▸ ACTIVITY:
Would you please transcribe the data in full and exactly, excluding images?

▸ PROVIDED MATERIAL:
↓

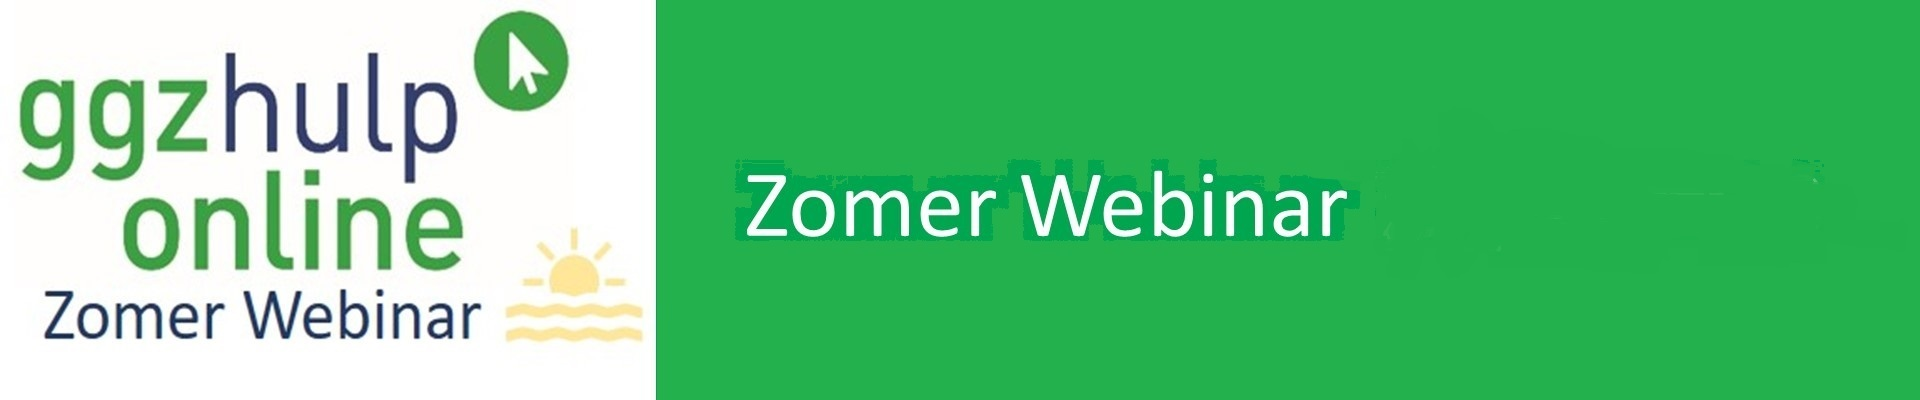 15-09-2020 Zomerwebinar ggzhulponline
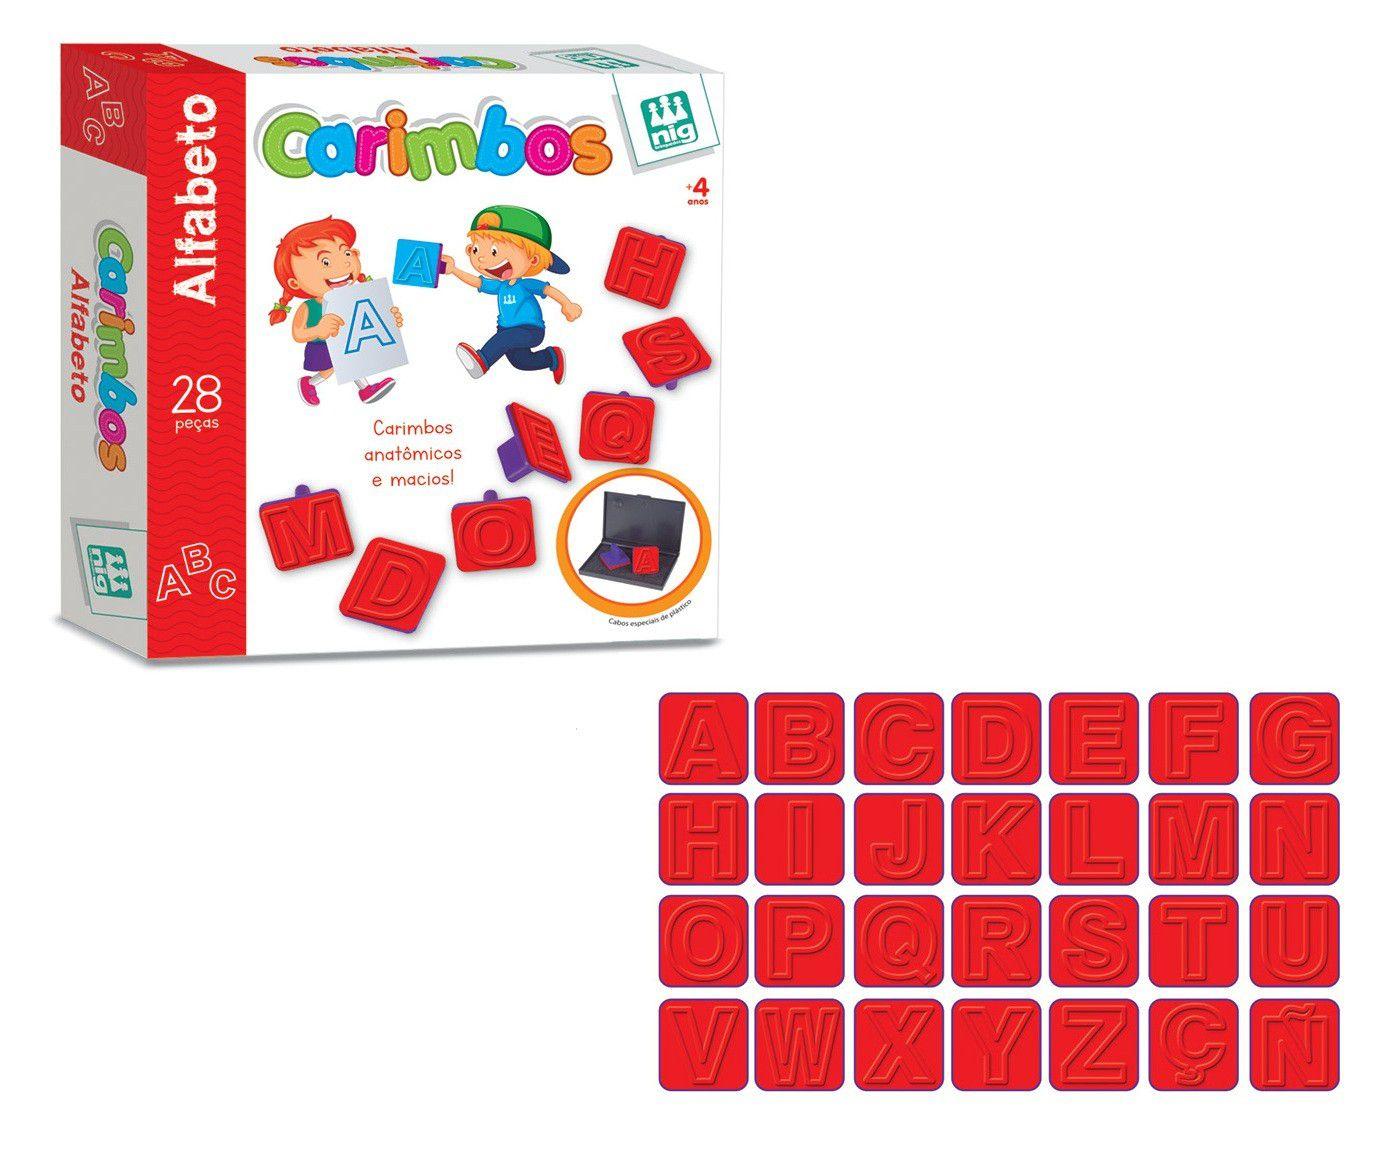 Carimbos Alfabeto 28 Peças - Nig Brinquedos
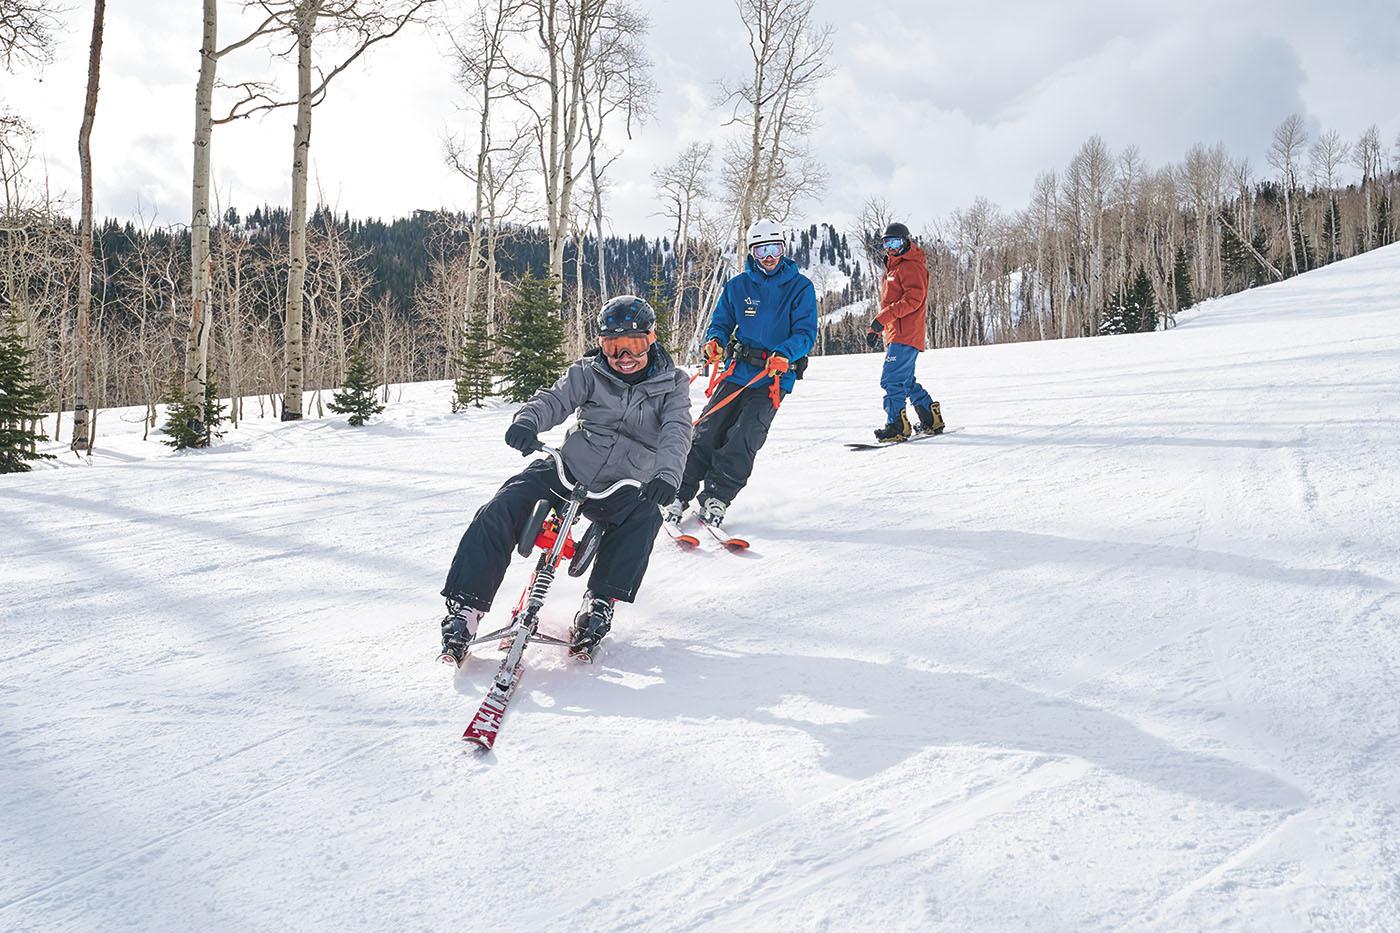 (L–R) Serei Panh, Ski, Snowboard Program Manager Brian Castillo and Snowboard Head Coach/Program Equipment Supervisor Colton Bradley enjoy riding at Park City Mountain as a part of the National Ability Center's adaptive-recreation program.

↑

▸ THE COMPLETED TASK:
 15-09-2020 Zomerwebinar ggzhulponline
 Carimbos Alfabeto 28 Peças - Nig Brinquedos
 (L–R) Serei Panh, Ski, Snowboard Program Manager Brian Castillo and Snowboard Head Coach/Program Equipment Supervisor Colton Bradley enjoy riding at Park City Mountain as a part of the National Ability Center's adaptive-recreation program.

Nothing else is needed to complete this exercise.